My assumptions were wrong.

Yes, infants suck instinctively, but they can latch onto the nipple correctly or incorrectly. An incorrect latch hurts. It can hurt a little bit, or it can cause feet-kicking, face-scrunching pain. Have you ever sprained a joint and had to hop on the other foot or wave the other hand while saying "ow, ow, ow" (or something less polite) in a very loud voice in order to handle the pain? It's like that, eight to ten times a day.

I now understand why some animals abandon their young.

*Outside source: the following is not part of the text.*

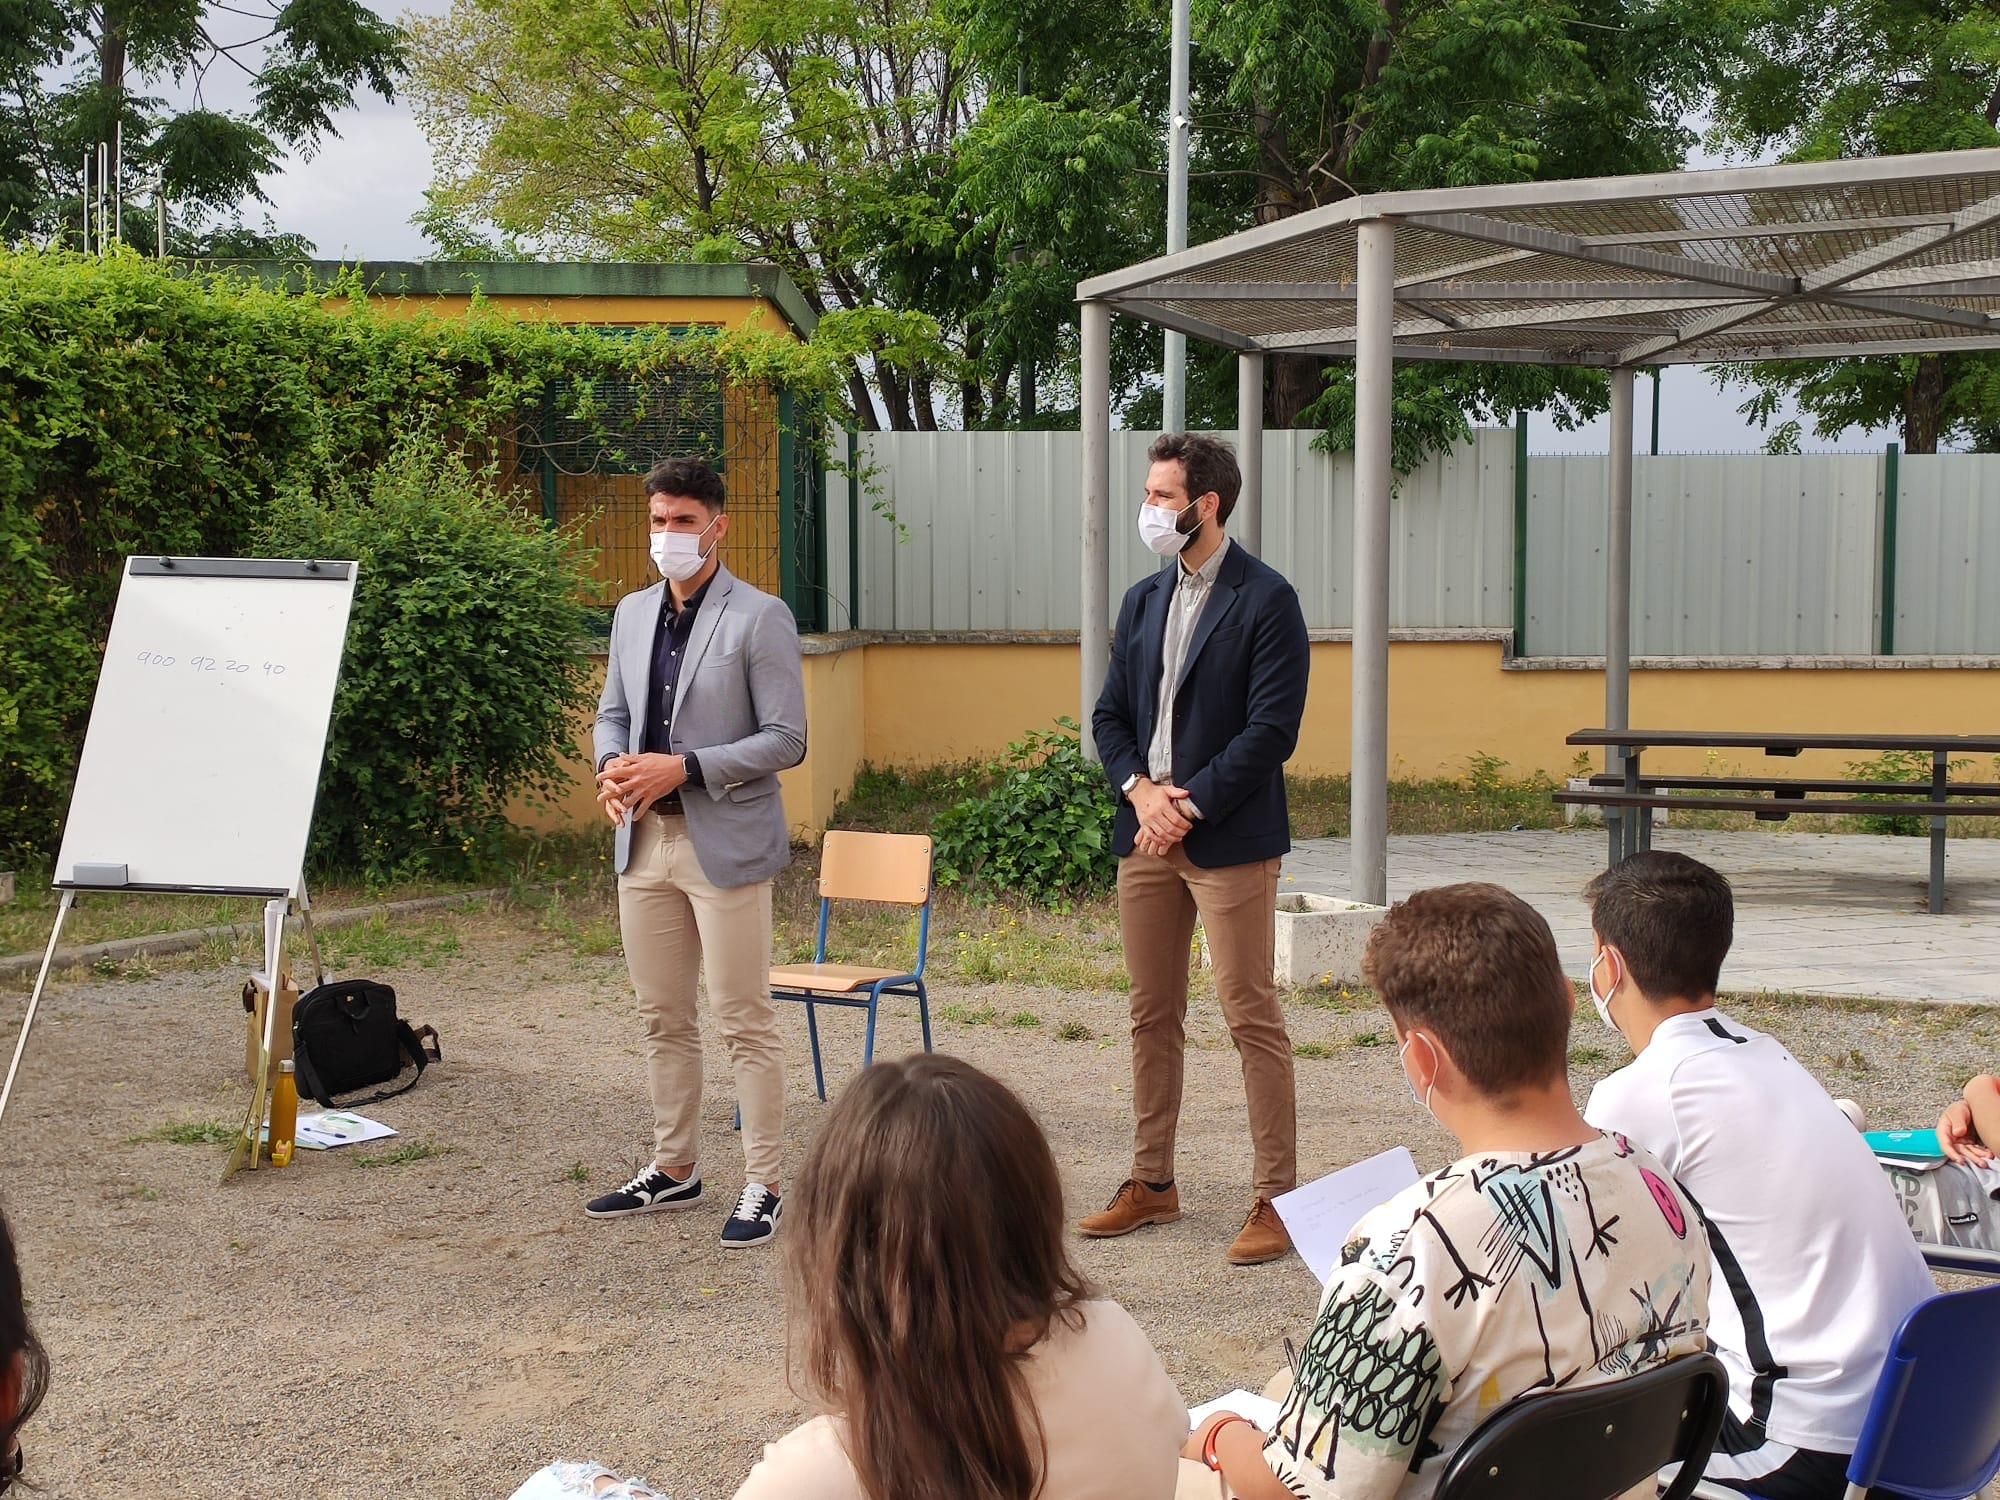 Educación y Deporte y el IAJ participan en los talleres del programa Forma Joven en el ámbito educativo

Don't worry and please don't call Child Protective Services. I'm not going to abandon Daughter 0.1. I'm not even going to stop feeding her breast milk. Unlike wild animals, I have good options for dealing with nipple pain. The most convenient one is painkillers. If one feeding goes particularly badly, I can take an ibuprofen or acetaminophen and that keeps the next feeding from hurting as much. We have a breast pump so I can pump milk out of my breasts and feed it to her in bottles. And for help finding a permanent solution, there are lactation consultants. So far I have spoken to two on the phone and had appointments with two others.

The baby prep breastfeeding class and the nurses who helped me with breastfeeding while I was still in the hospital said it was important to get a deep latch, but one of the lactation consultants I spoke to after coming home gave me an exercise that really explained why. Put your finger in your mouth so that your teeth are on the first joint and suck. The part of the tongue under your finger tip is flat and pushing up against your finger. The part of the roof of your mouth above your fingernail is flat and low. Now move your finger so that your teeth are at the second knuckle and suck. The tongue under your fingertip rounds down when you suck, and the roof of your mouth above your fingernail is round and a little higher. So a bad, shallow latch squeezes the nipple between two flat surfaces while a good, deep latch cradles the sensitive tip of the nipple between round, roomier parts of the mouth.

So breastfeeding well seems to requires more than instinct. I'm working with lactation consultants so that Daughter 0.1 and I can improve our technique and get a deep latch every time.